■ **DIRECTIONS FOR THIS TASK**: In the entries below, find the line with "Shout stain remover wipes" and the line with "9ct Gold Falling", then retype both and everything between them exactly. Do not copy the pictures.

■ **LISTED RECORDS**:
===============

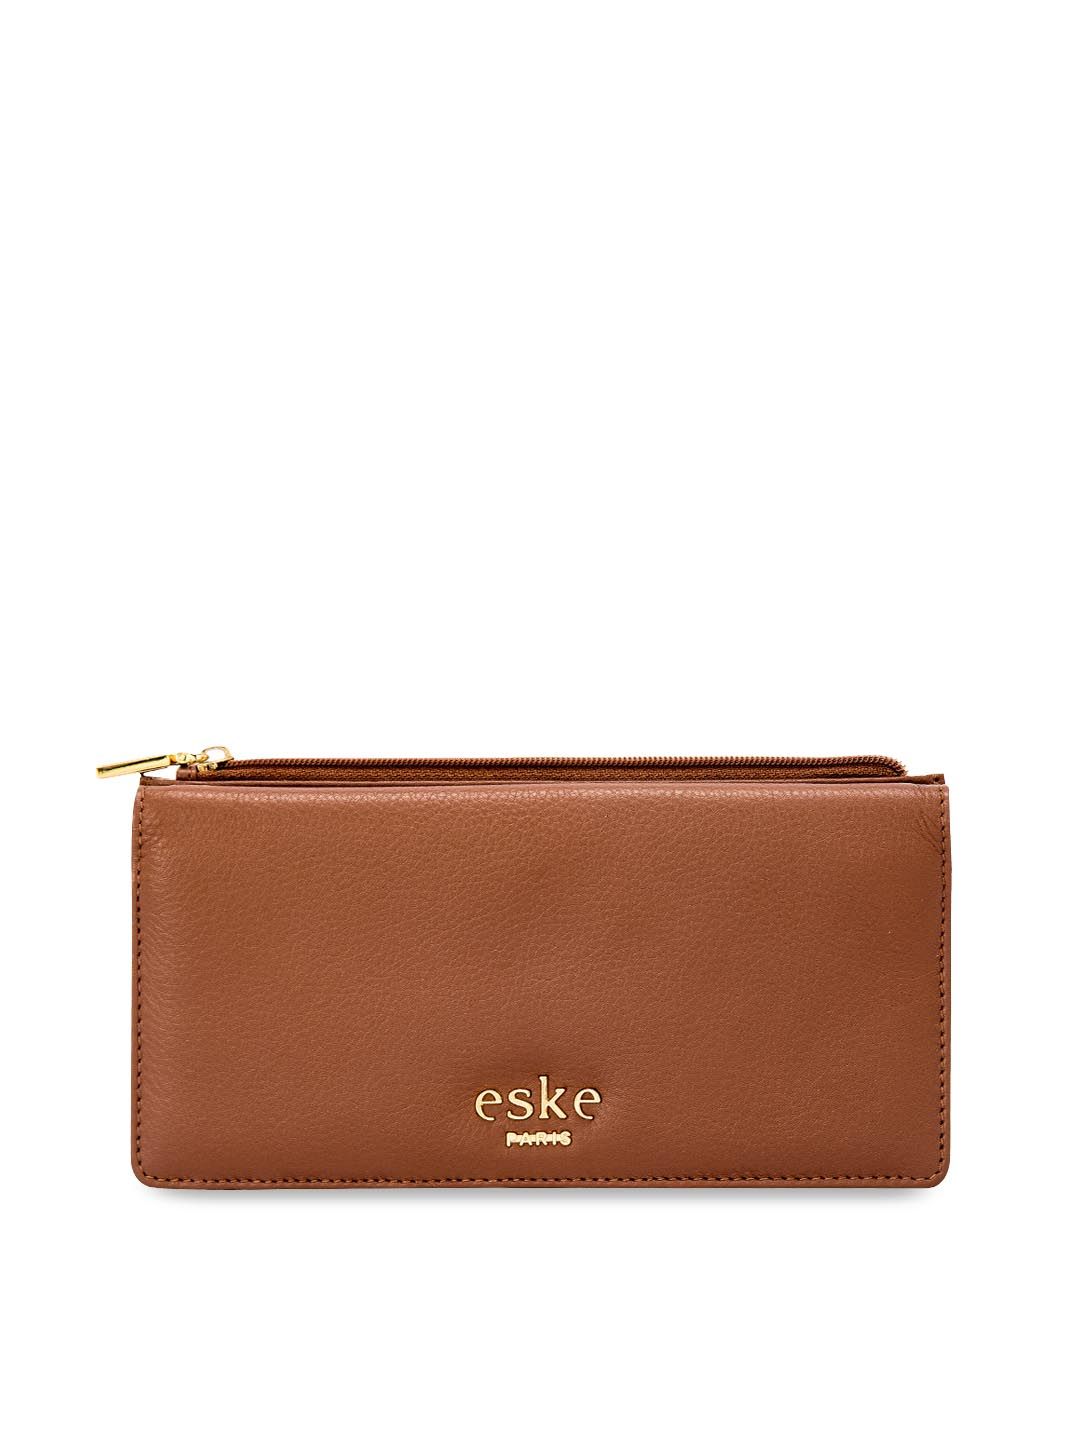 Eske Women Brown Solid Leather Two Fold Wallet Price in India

===============

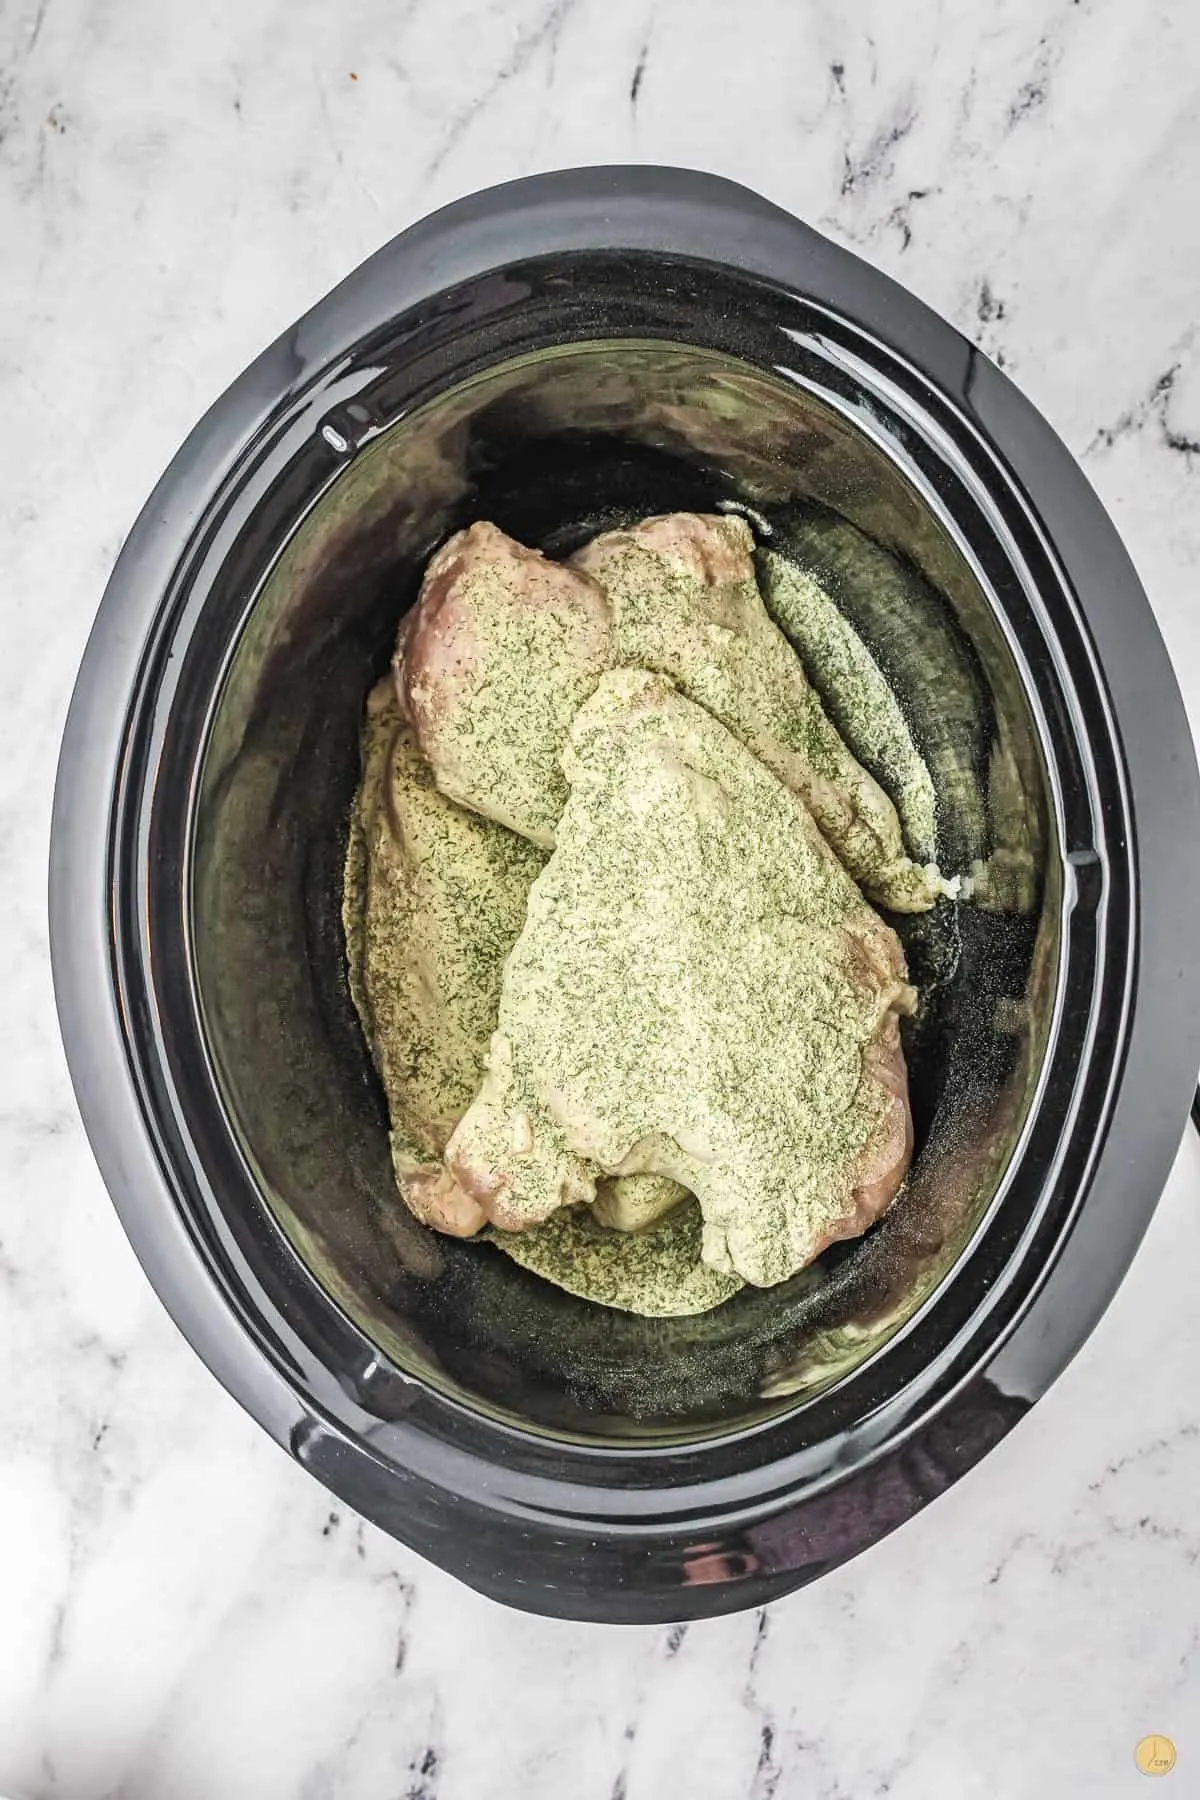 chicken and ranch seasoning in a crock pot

===============

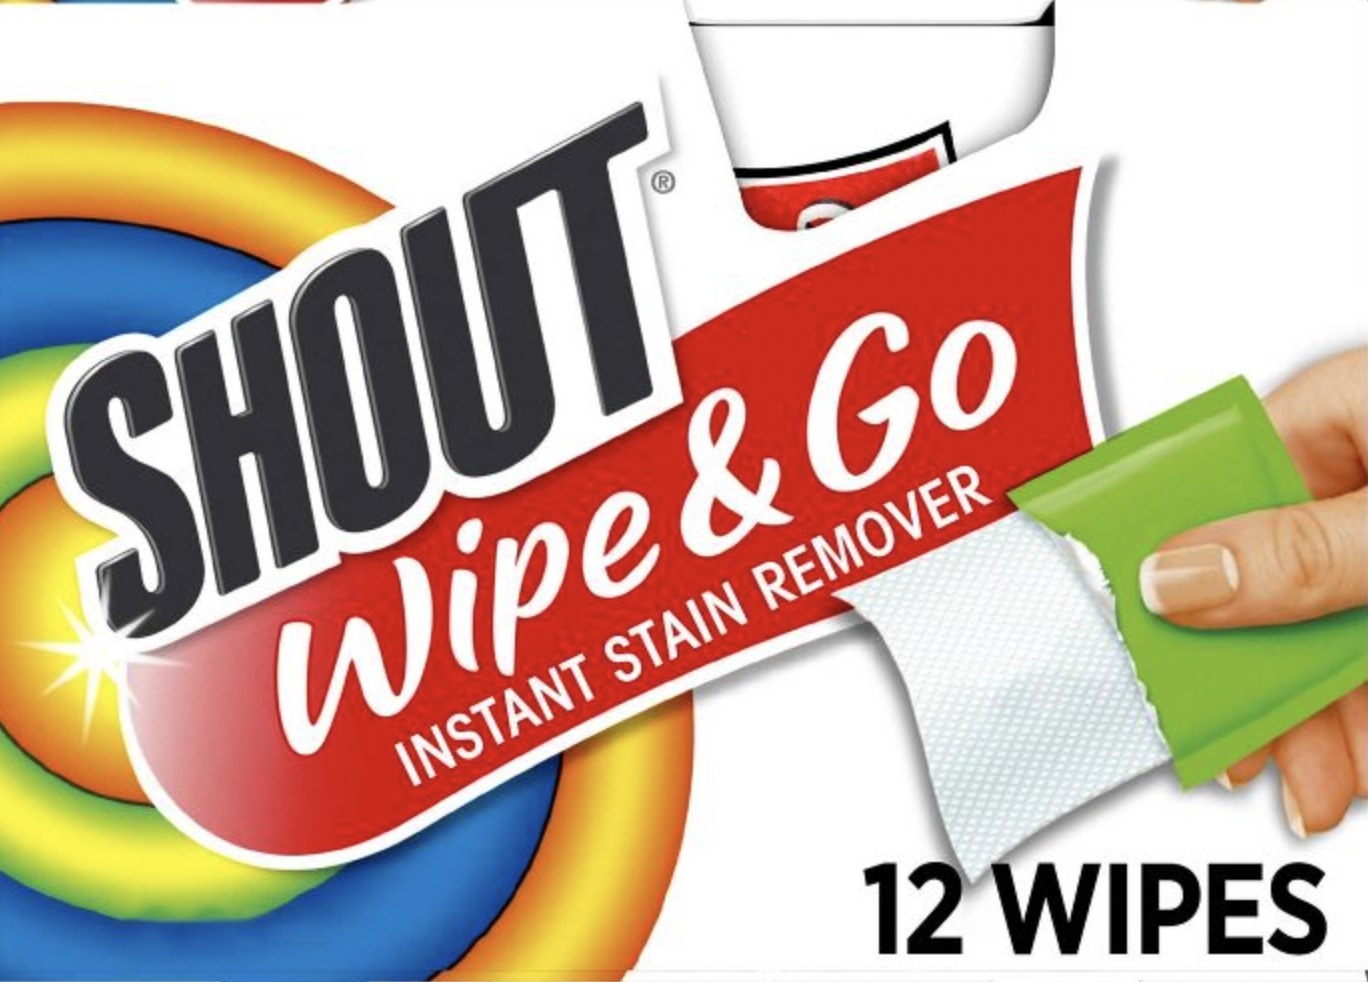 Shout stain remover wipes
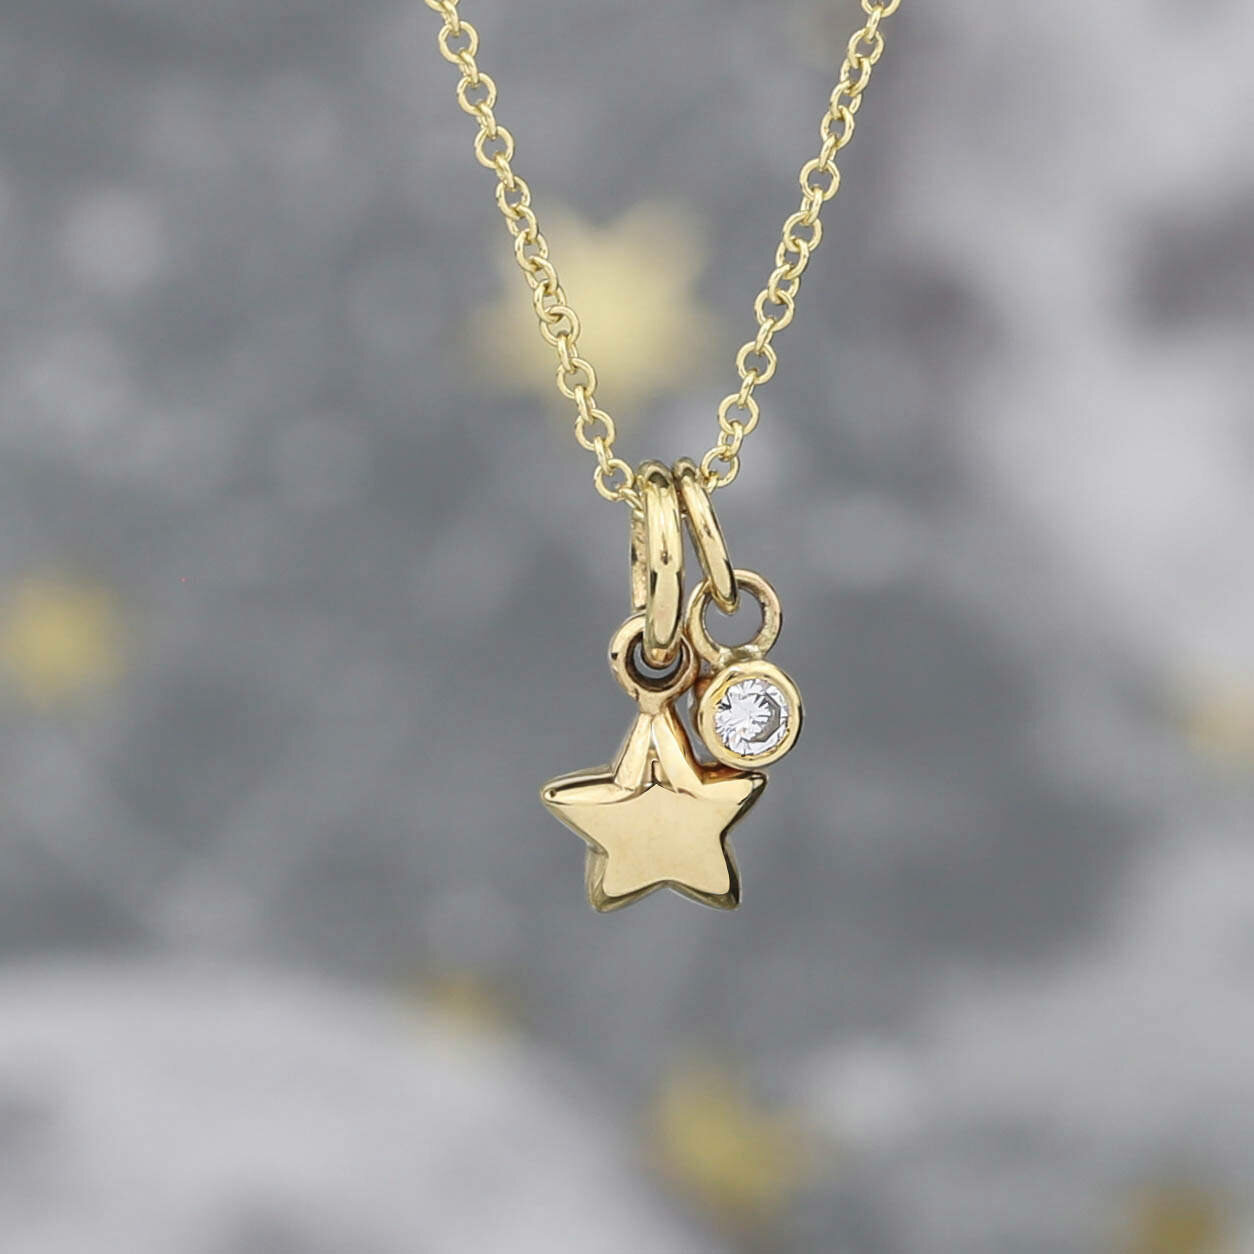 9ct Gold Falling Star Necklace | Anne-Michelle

===============

■ **SOLUTION TO THIS EXERCISE**:
 Shout stain remover wipes
 9ct Gold Falling Star Necklace | Anne-Michelle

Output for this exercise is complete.